Of course the GTOs are not the best cars but this is a GTO forum and we love these cars, if you go on any other forum and say the same thing about their cars they will react the same way, plus why don't you name some some cars that you can get new for $30,000 or less new that can beat the GTO, also my first car was a 97 3000GT and it is a total piece of sh#t compared to the GTO


----------



## rcu316 (Jan 28, 2007)

06pontiacgto said:


> ya well w/e the cars gone how do i delete my account on here


just dont wirry bout haha logging in hahah anymore with your haha jumbled up haha posts haha lolo haha play with your rice haha i/e yer rustangs too haha


----------



## Red Bearded Goat (Mar 19, 2007)

06pontiacgto said:


> ya well w/e the cars gone how do i delete my account on here


You can check out by placing a small caliber hand gun to your head, then squeeze the trigger slowly.....

and we will arty:

or go back to playing with your Match Box cars and leave daddy's computer alone...


----------



## raspantienator (Nov 20, 2007)

I haven't owned a Ferrarri yet but the GTO is the best car for quality and bang for the buck I've owned.

Love the GTO!


----------



## Rukee (Feb 8, 2007)

06pontiacgto said:


> bustersjudge or what ever you said the 3000gt is not in the gto leadge or what ever ok u r right the car is better then a gto the car is all out better faster deffinitly.
> seriously i did own a gto ya but my friend also owned a mustang gt two big rival cars yes i say the mustang is better more sold then the gto because of amount made but tell yous what you see a mustang go hid it will leave your cars in the dust so by to all gto lovers


I`m calling BS. You said in another thread that you still owned an `04 GTO. Yet in this post you say "i did own a GTO". You never owned a GTO did you, be it an `04 or an `06, you never had a friend with a mustang gt did you? go one further....you never had a friend before, did you??


----------



## Tacmedic (Feb 24, 2006)

*I don't see how you can even tell...*

..what the guy is saying. Is that english? It looks like it was cut and pasted out of a chat room.


----------



## rcu316 (Jan 28, 2007)

Tacmedic said:


> ..what the guy is saying. Is that english? It looks like it was cut and pasted out of a chat room.
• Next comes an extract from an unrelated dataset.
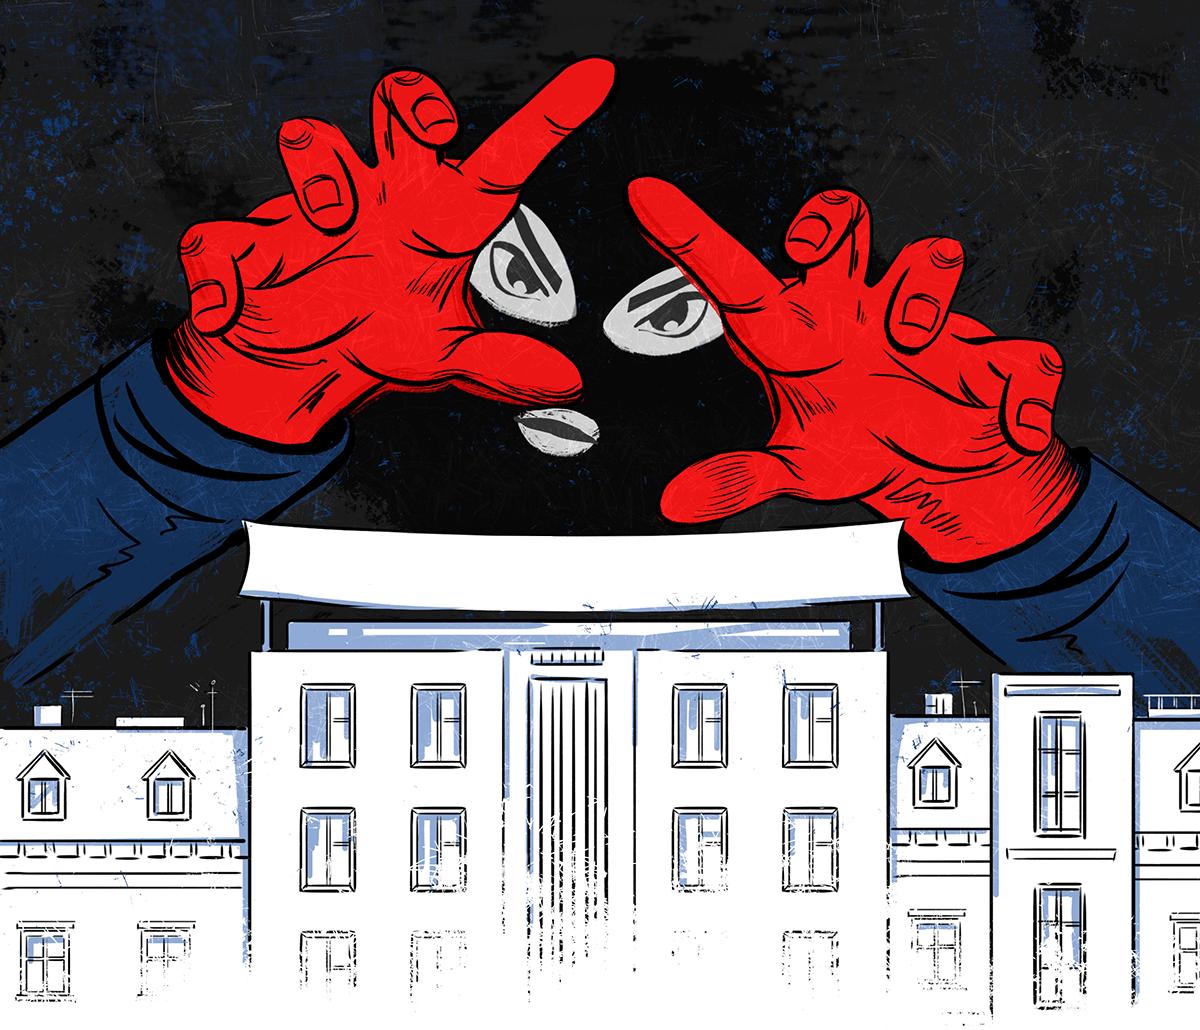 ПростоРейдерство, или как полтора десятка регистраторов разрушили инвестклимат в Украине

I don't get it lately with all the "haha" and "lolo" in the midst of all the jumbled up sentences some people post. Maybe I am an old dumbass but I always thought I spoke and read in English. :confused


----------



## Rukee (Feb 8, 2007)

...it`s called 'leet speak' or whatever. No caps, short cut writing...To me it looks like they`re posting from their cell phone.


----------



## rcu316 (Jan 28, 2007)

Rukee said:


> ...it`s called 'leet speak' or whatever. No caps, short cut writing...To me it looks like they`re posting from their cell phone.


Thanks, I didn't know what it was. I had just assumed it was from their FIRST grade classroom!


----------



## Chrisco (Mar 19, 2007)

Someone is obviously messing with you guys.


----------



## fergyflyer (Apr 18, 2005)

Well I read all the posts. There is a problem. The thread was started pretty early for the April Fools joke, but we definately have a fool here.


----------